I'll definitely be sharing this article with everyone I know.
"Any fool can criticize, condemn and complain and most fools do." -- Benjamin Franklin
The first file I got from the internet beyond the size of a normal news post was "The Jolly Brewer" which was a postscript format collection of the best stuff from alt.rec.brewing. How's that for beer and technology?
friends don't let friends go to ASU
I too support Paul, but I'll answer the British spelling thing. He put the "u" back into honor. Notice I spell it correctly. Anyway... get it?
We show geeks how to get their dream girl at EyesOfOdessa.com
I Agree! How Beer Saved The World is an awesome documentary. Mod Parent Up!
"What's the use of a good quotation if you can't change it?" - Doctor Who
Who doesn't want me to do things and is apparently, in your mind, justified of having the clout to jail me because ... because what?
Because they feel the safety of the majority outweighs the liberty of the masses to interfere with their safety. It's the same reason drunk driving on public roads is illegal.
do you really trust people enough to give them two tons of speeding metal on the ground, all the while thinking it would be murderous to replace them each with fifty kilos of light material in the air?
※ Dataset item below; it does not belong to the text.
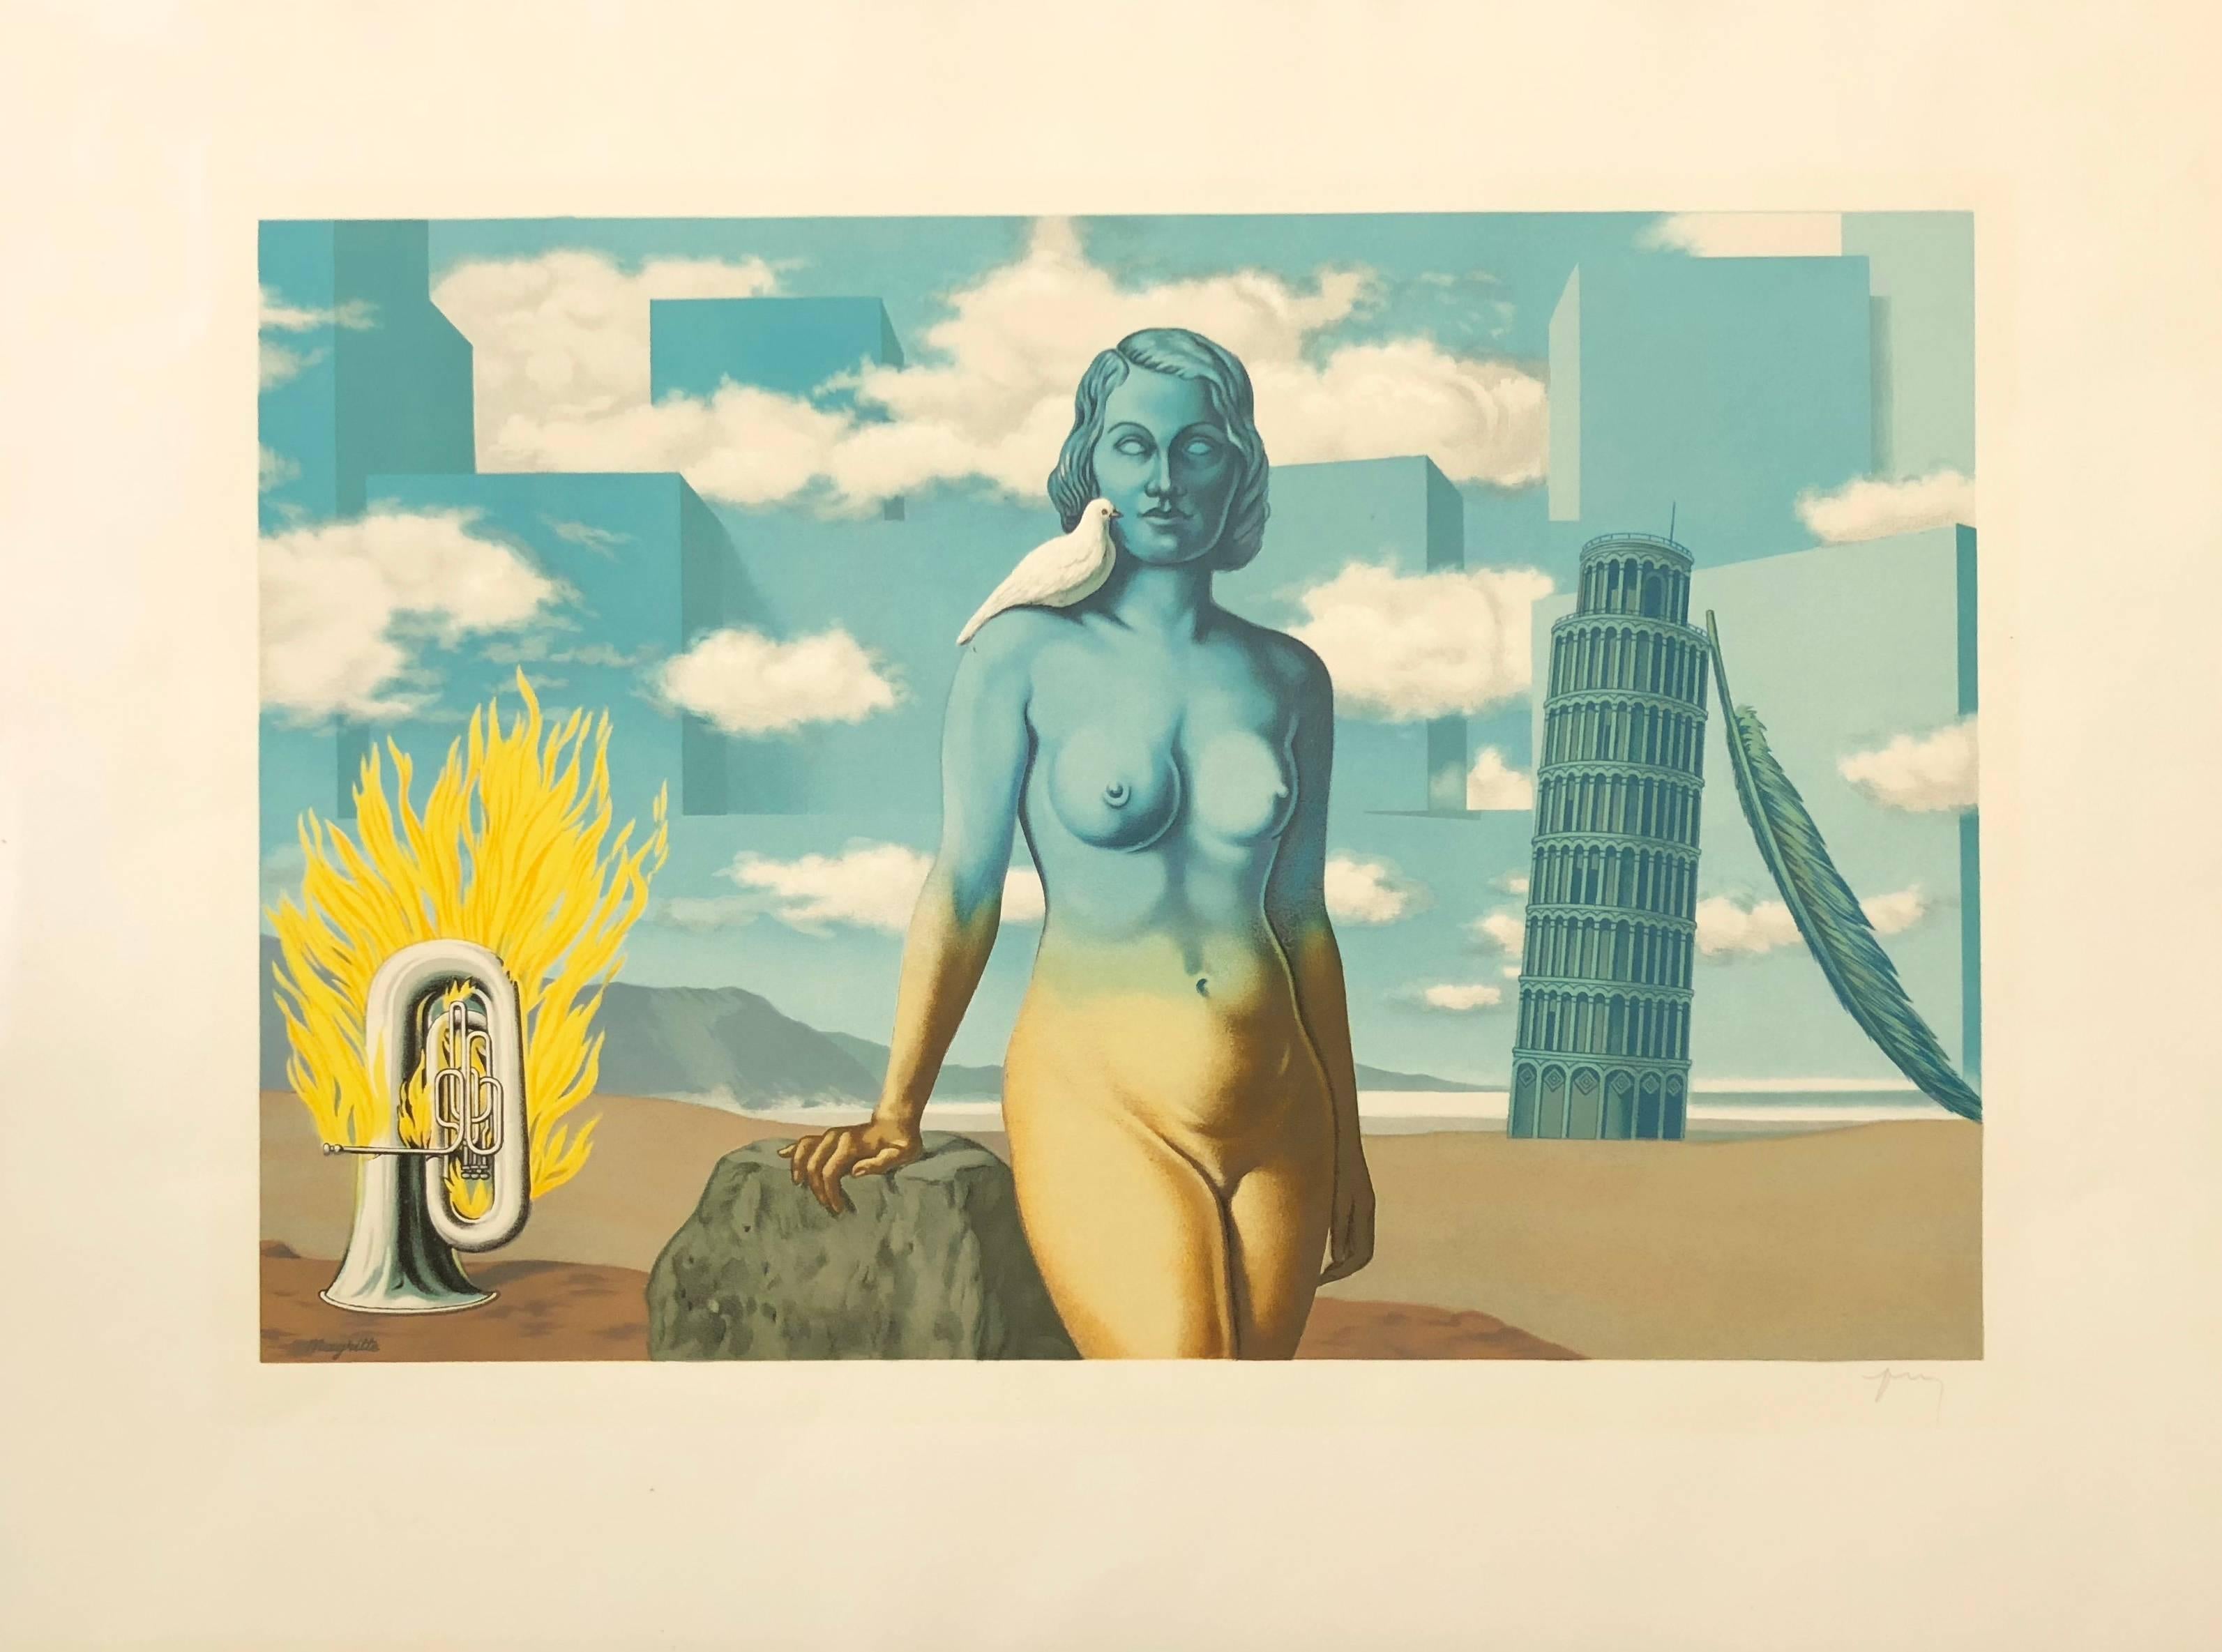 (after) René Magritte Nude Print - Le Domaine Enchanté VI - Original Lithograph After René Magritte by F. Mourlot

Because the gravitational potential energy of even light material in the air dwarfs the kinetic energy of speeding metal on the ground. Correct me if my math is wrong, but:
A truck with a mass of two metric tons is traveling at 40 miles per hour. A plane with a mass of 50 kg at standard Earth gravity is in the sky. How high does the plane have to be to have as much gravitational potential energy as the truck's kinetic energy?
40. miles per hour * 1 hour / 3600 seconds * 1609.344 km / 1 mile = 17.8816 m/s (with 2 sig figs, to be rounded off later)
KE = mv^2/2 = 2000 kg * 17.8816 m/s * 17.8816 m/s / 2 = 319751 J (again 2 sig figs)
GPE = mgh
319751 J = 9.80665 m/s^2 * 50 kg * h
h = 319751 J / 9.80665 m/s^2 / 50 kg = 650 m
"Patents" - stop right there. I'm absolutely entitled to put ANY idea to use as soon as physically possible.
The majority of people in this country, who are aware that patents exist yet voted for legislators that haven't pledged to cut back on misguided attempts "to promote the Progress of Science and useful Arts", disagree with you.
You believe in those rules. You really believe in them. If you COULD think, I'd tell you to think about it next time you'll see your wife groped by TSA officials
Then the real problem is how these laws got passed in the first place.